- DVD cover
- Starring: David Caruso Emily Procter Jonathan Togo Rex Linn Eva LaRue Omar Miller Adam Rodriguez
- No. of episodes: 19

Release
- Original network: CBS
- Original release: September 25, 2011 – April 8, 2012

Season chronology
- ← Previous Season 9

= CSI: Miami season 10 =

Season of American television series CSI: Miami

The tenth and final season of CSI: Miami premiered on CBS on September 25, 2011, and is the shortest season of CSI: Miami with only 19 episodes. The series stars David Caruso, Emily Procter and Adam Rodriguez.

== Description ==
As Horatio faces a painful recovery from his gunshot wound, Natalia faces an emotional recovery from her near-death experience. Calleigh attempts to adopt two children, whilst Delko and Wolfe are assigned to supervise new CSI Sam Owens, a task that ends up putting Wolfe at risk. A sadistic killer, a Mexican sheriff, an eccentric genius, and a rabid dog are among the killers, witnesses, and victims this season, as the sun goes down on Miami.

== Production ==
All members of the main cast returned for this season, whilst Eva LaRue planned to depart the cast subsequently.
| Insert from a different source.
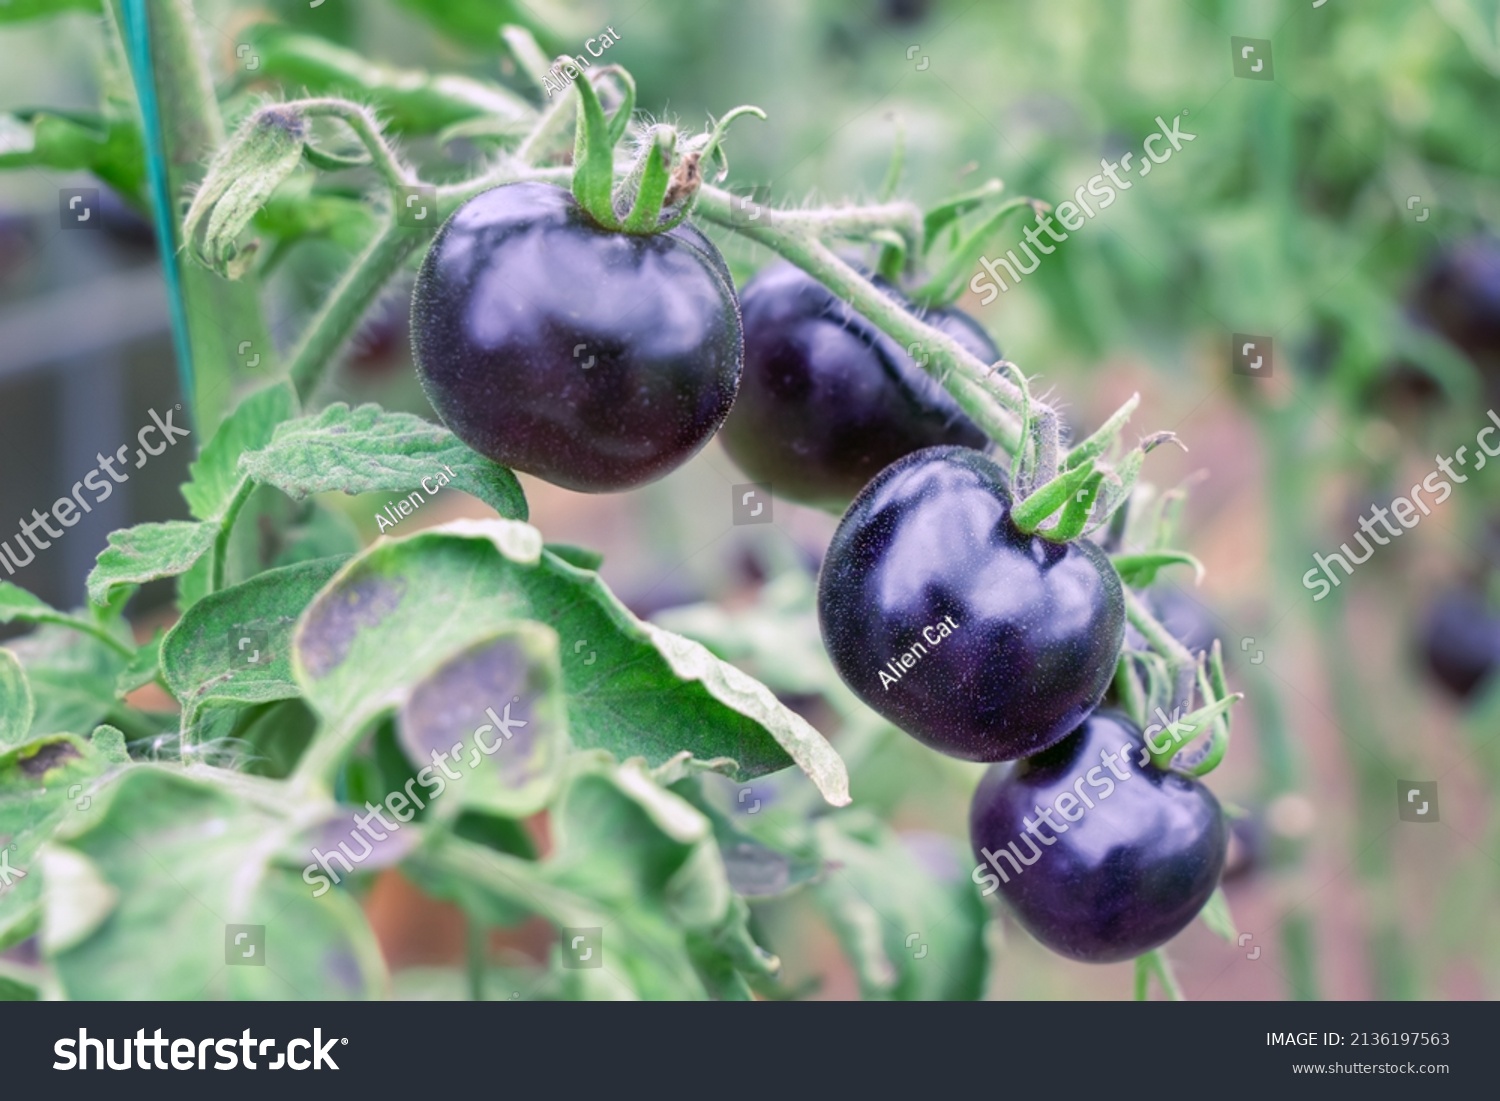 Black tomatoes grow on branch in vegetable garden. Indigo rose - blackest tomato variety harvest in farm greenhouse #2136197563

Adam Rodriguez wrote and produced the episode "At Risk", based on the Penn State scandal. The series finale aired on April 8, 2012, but was delayed due to extended coverage of the Masters. In May 2012, CBS cancelled CSI: Miami, making it the first show in the CSI franchise to end.

== Cast ==

=== Main cast ===
- David Caruso as Horatio Caine; a Lieutenant and the Director of the MDPD Crime Lab.
- Emily Procter as Calleigh Duquesne; a veteran Detective, the CSI Assistant Supervisor and a ballistics expert.
- Adam Rodriguez as Eric Delko; a CSI Detective.
- Jonathan Togo as Ryan Wolfe; a CSI Detective.
- Rex Linn as Frank Tripp; a senior homicide Detective.
- Eva LaRue as Natalia Boa Vista; a CSI Detective.
- Omar Benson Miller as Walter Simmons; an art-theft specialist and CSI Detective.

=== Recurring cast ===
- Taylor Cole as Samantha Owens; a CSI Detective assigned to Caine's team.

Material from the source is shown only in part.